═════ Given data ═════

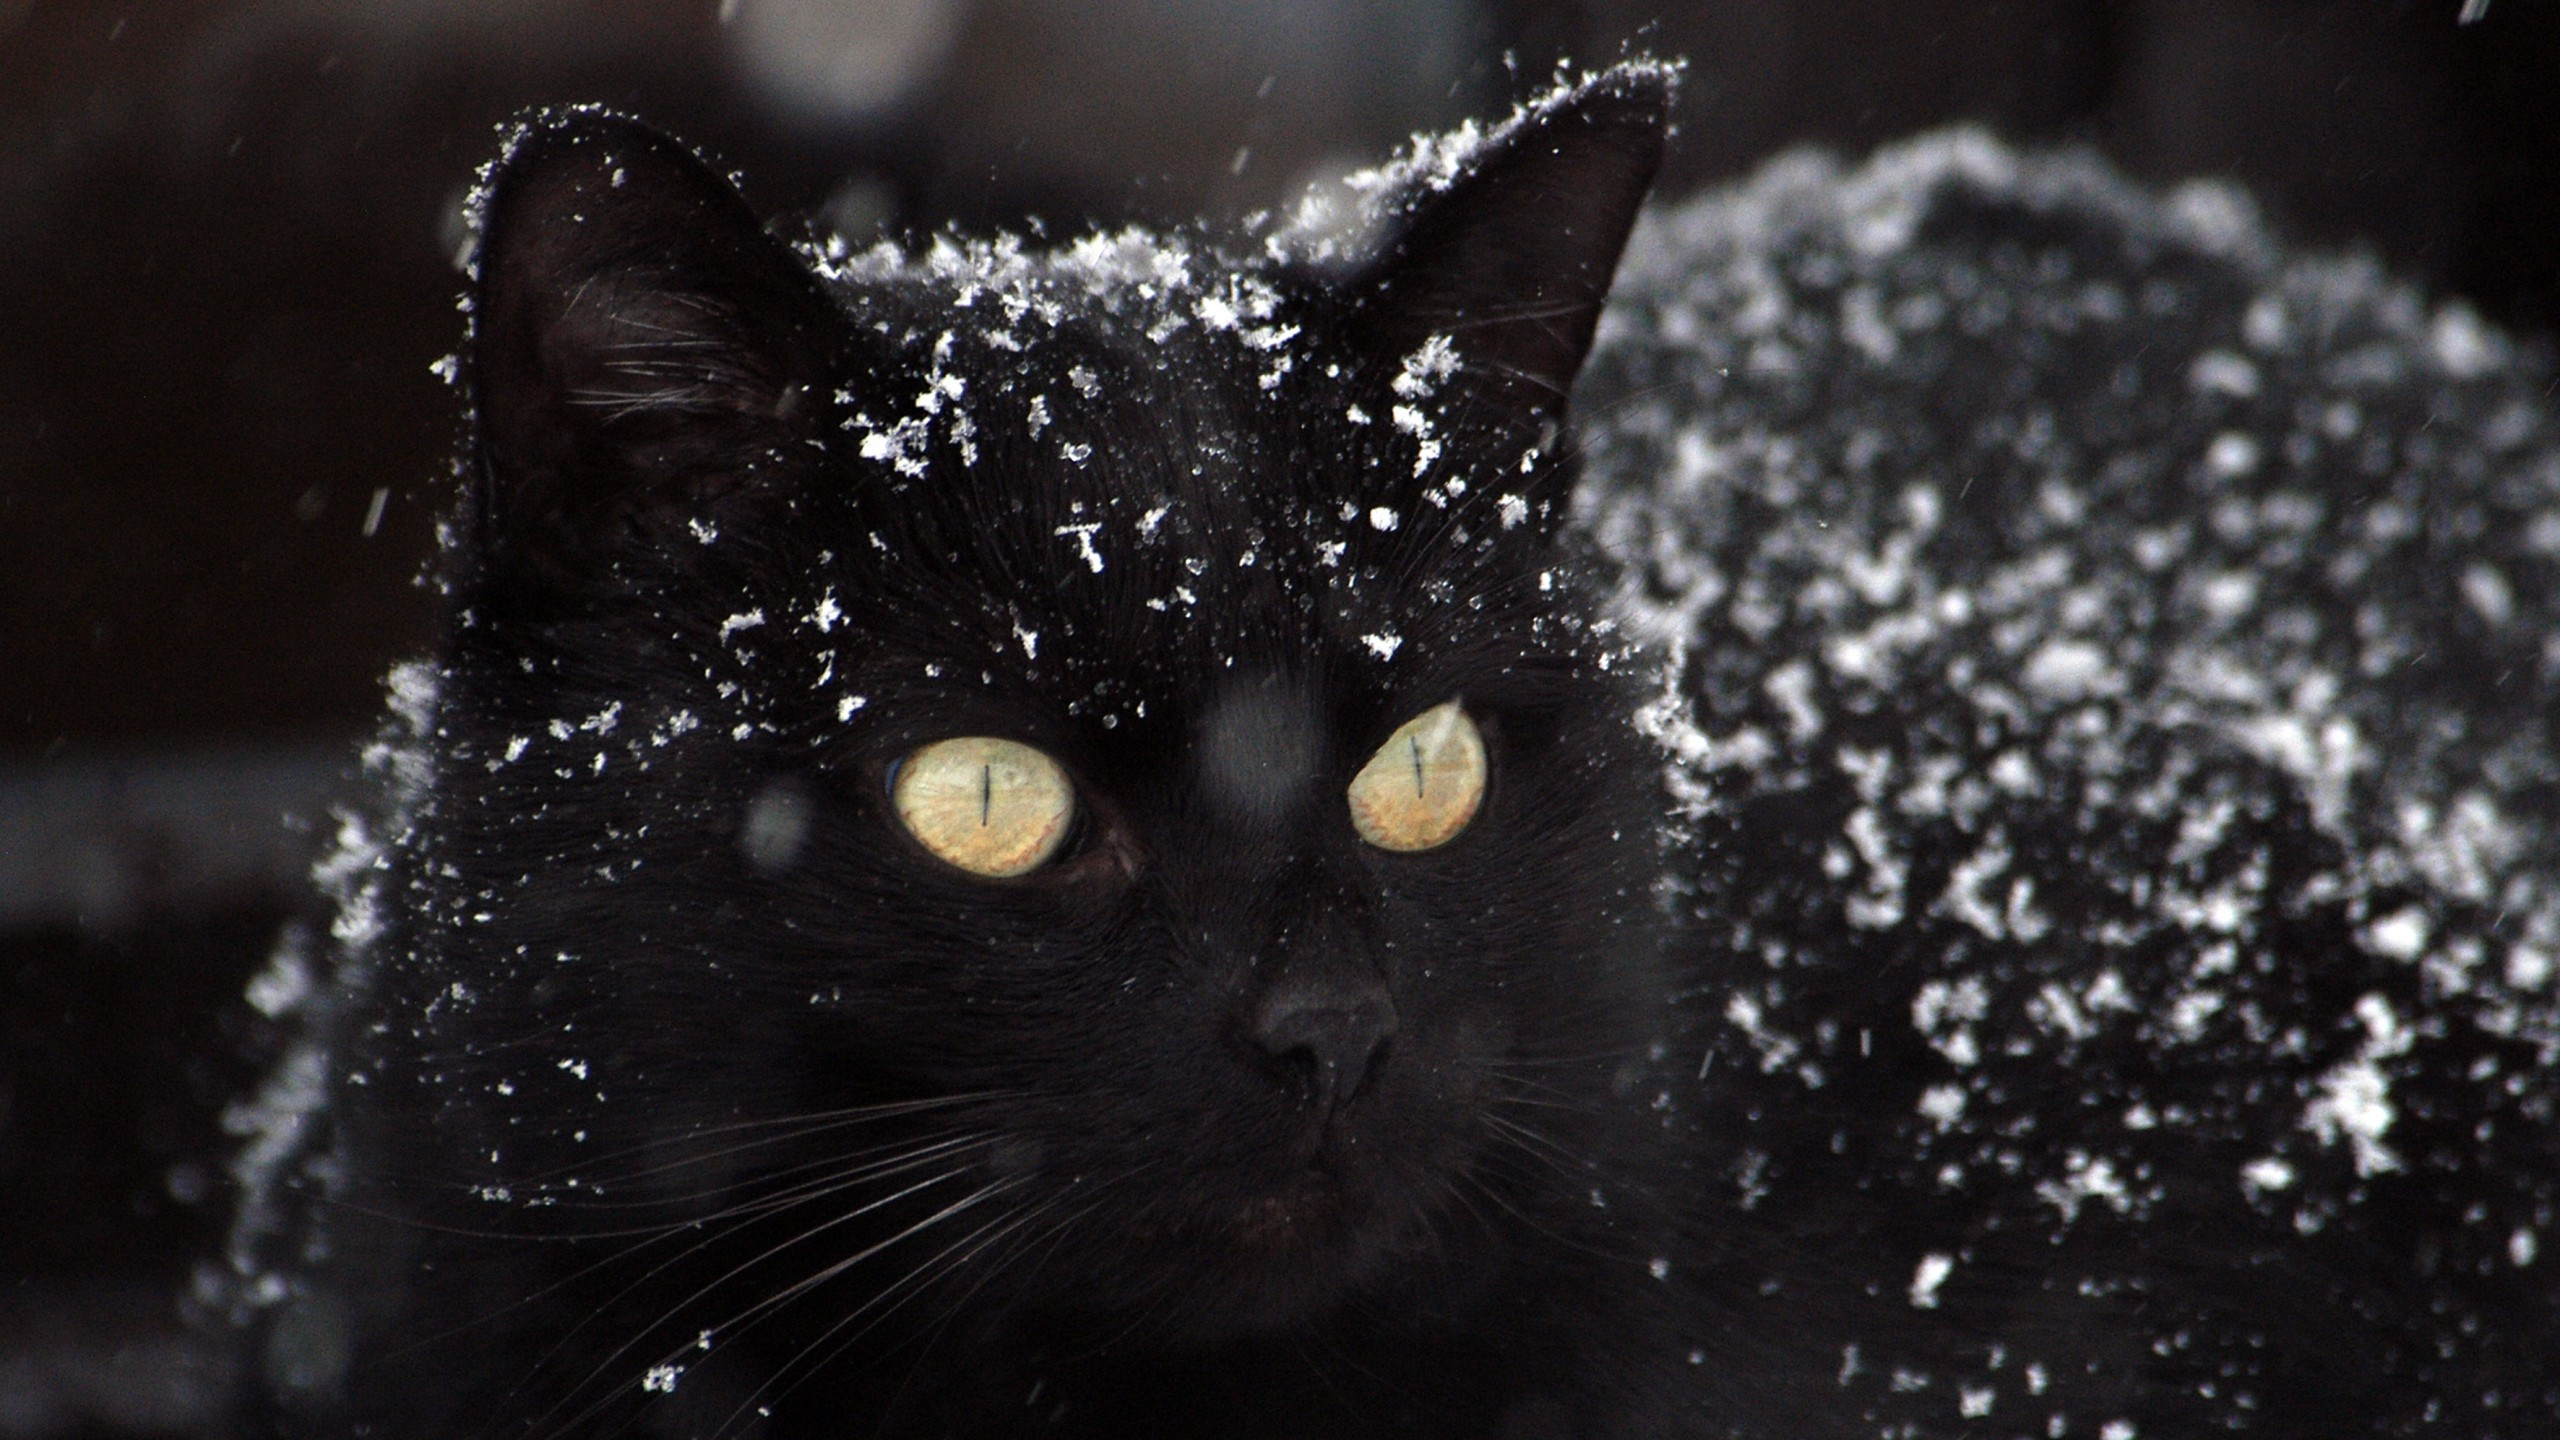 Download 2560x1440 Black Cat, Snow, Majestic Wallpaper for iMac 27 inch
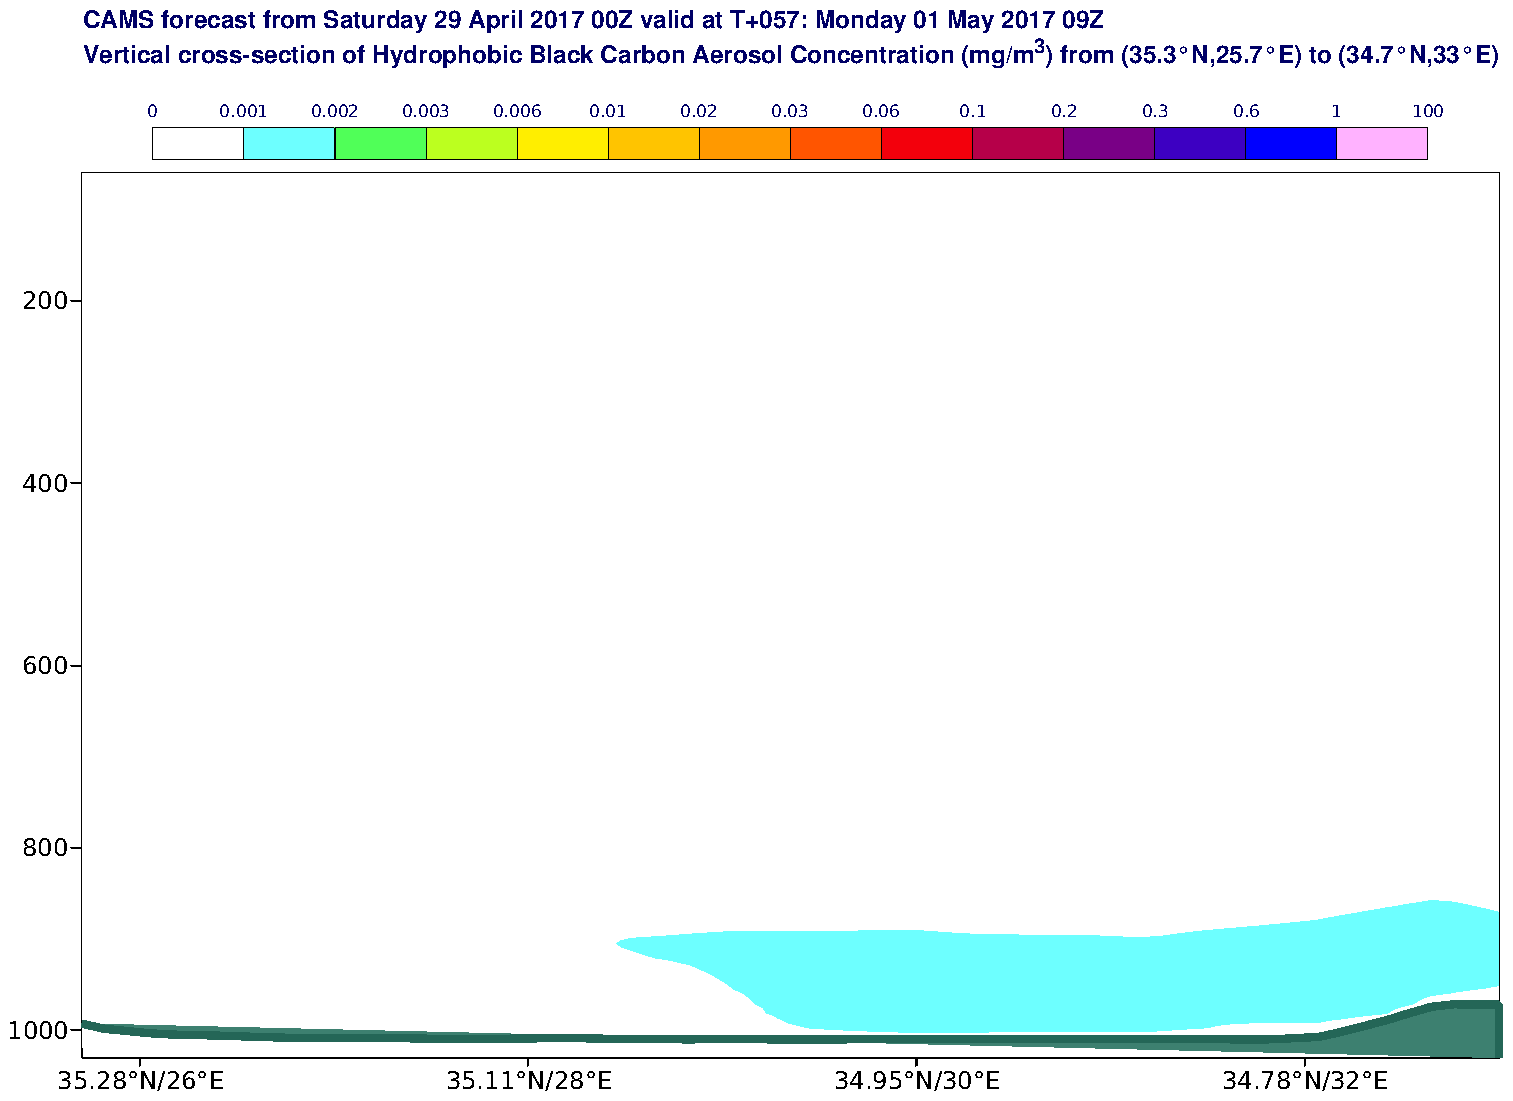 Vertical cross-section of Hydrophobic Black Carbon Aerosol Concentration (mg/m3) valid at T57 - 2017-05-01 09:00
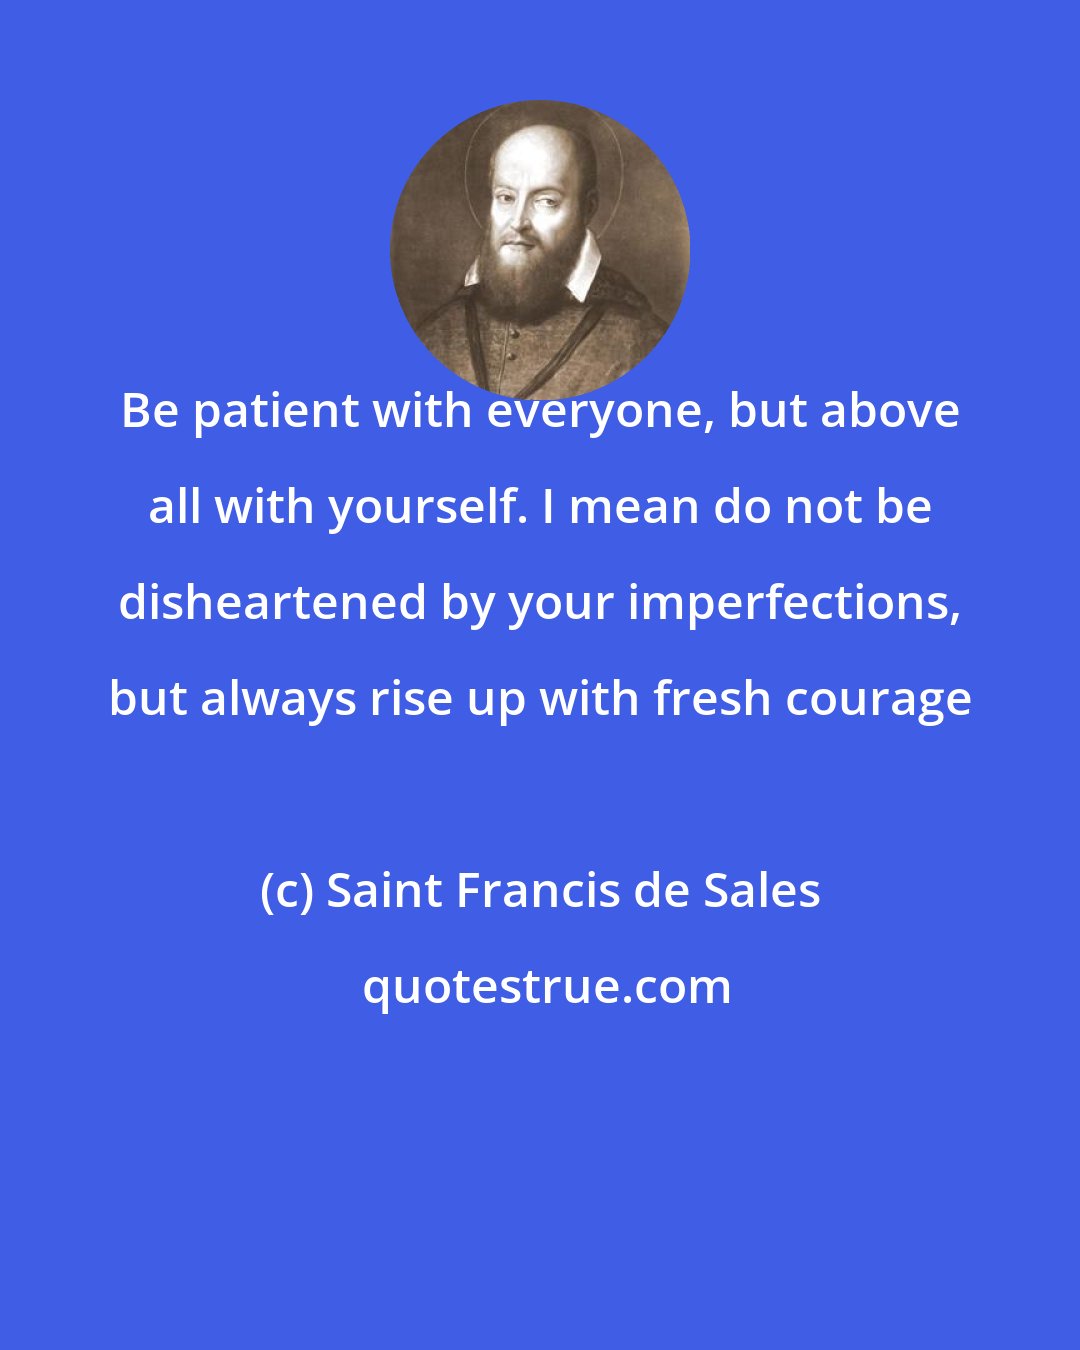 Saint Francis de Sales: Be patient with everyone, but above all with yourself. I mean do not be disheartened by your imperfections, but always rise up with fresh courage
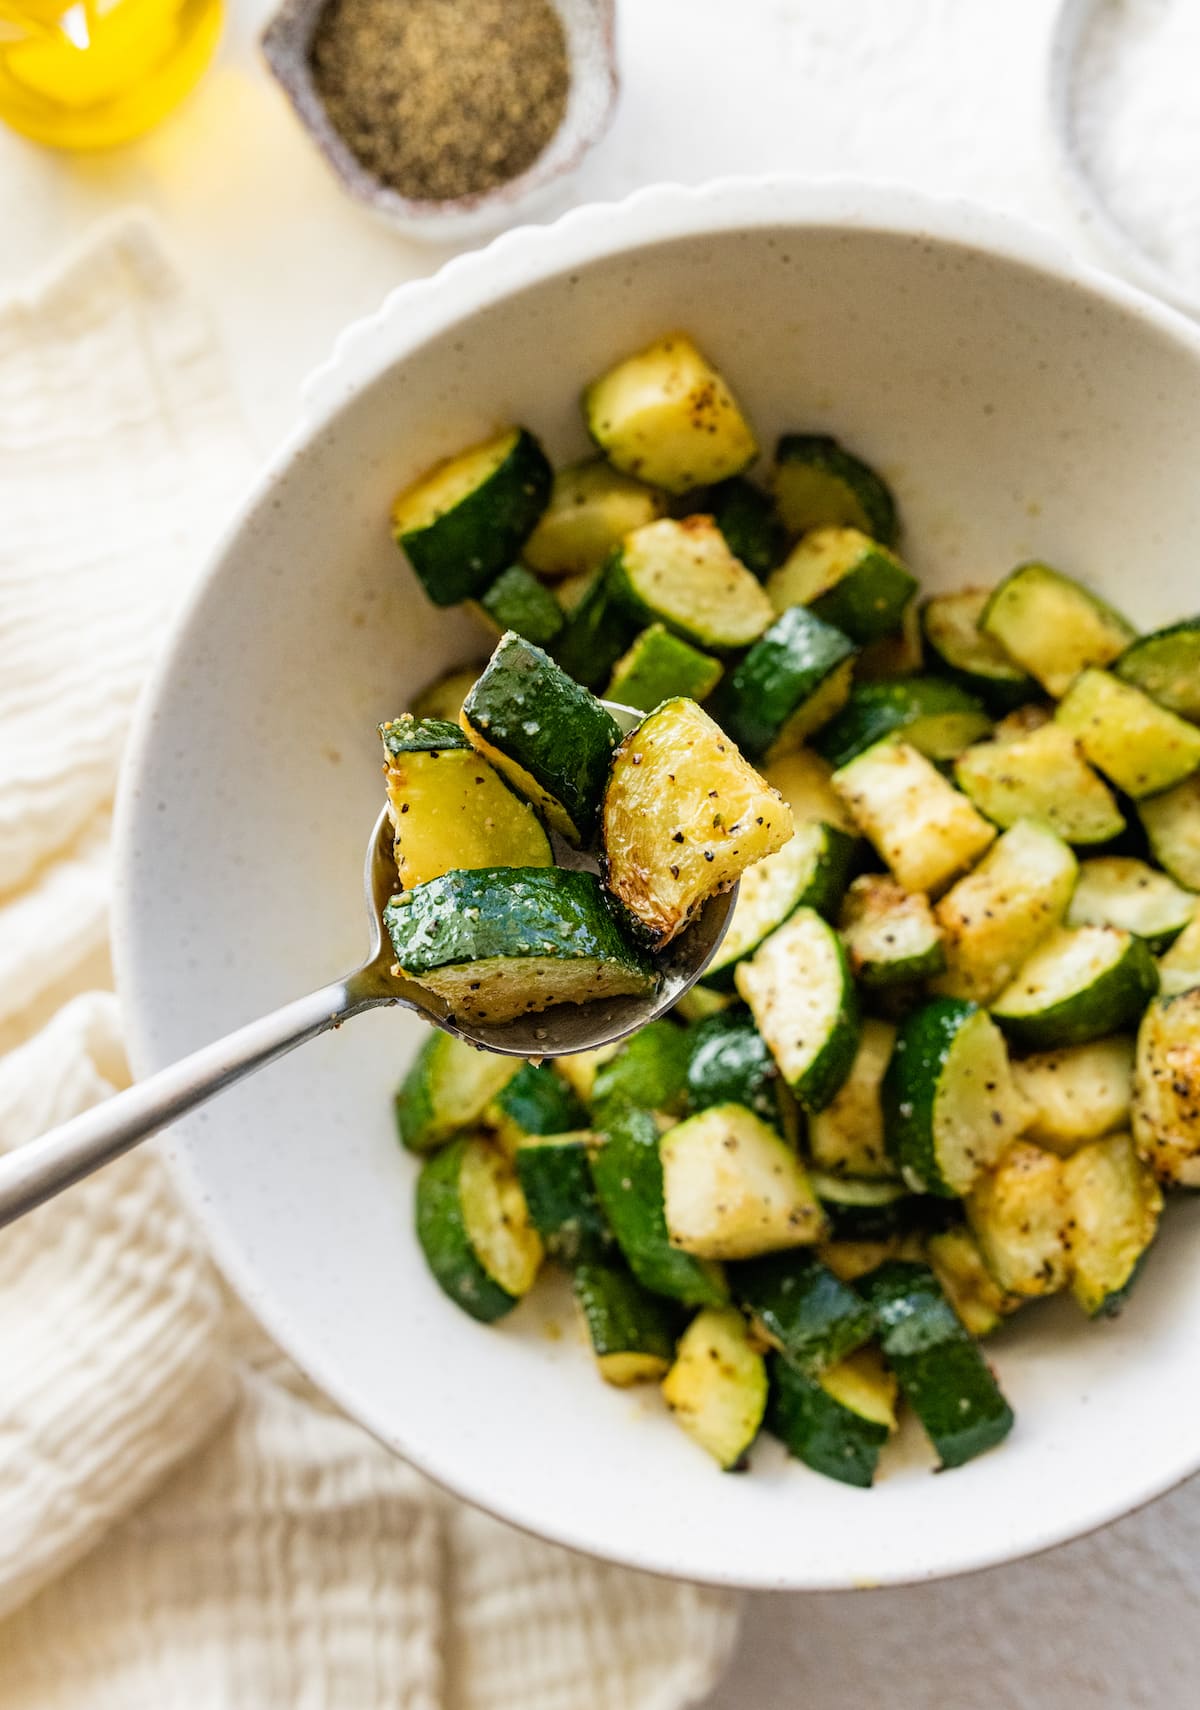 Air-fried zucchini in a bowl with a metal spoon.

═════

▶ Directions for this task
Repeat each line above exactly. The pictures stay out.

▶ Output for this exercise
 Download 2560x1440 Black Cat, Snow, Majestic Wallpaper for iMac 27 inch
 Vertical cross-section of Hydrophobic Black Carbon Aerosol Concentration (mg/m3) valid at T57 - 2017-05-01 09:00
 Saint Francis de Sales: Be patient with everyone, but above all with yourself. I mean do not be disheartened by your imperfections, but always rise up with fresh courage
 Air-fried zucchini in a bowl with a metal spoon.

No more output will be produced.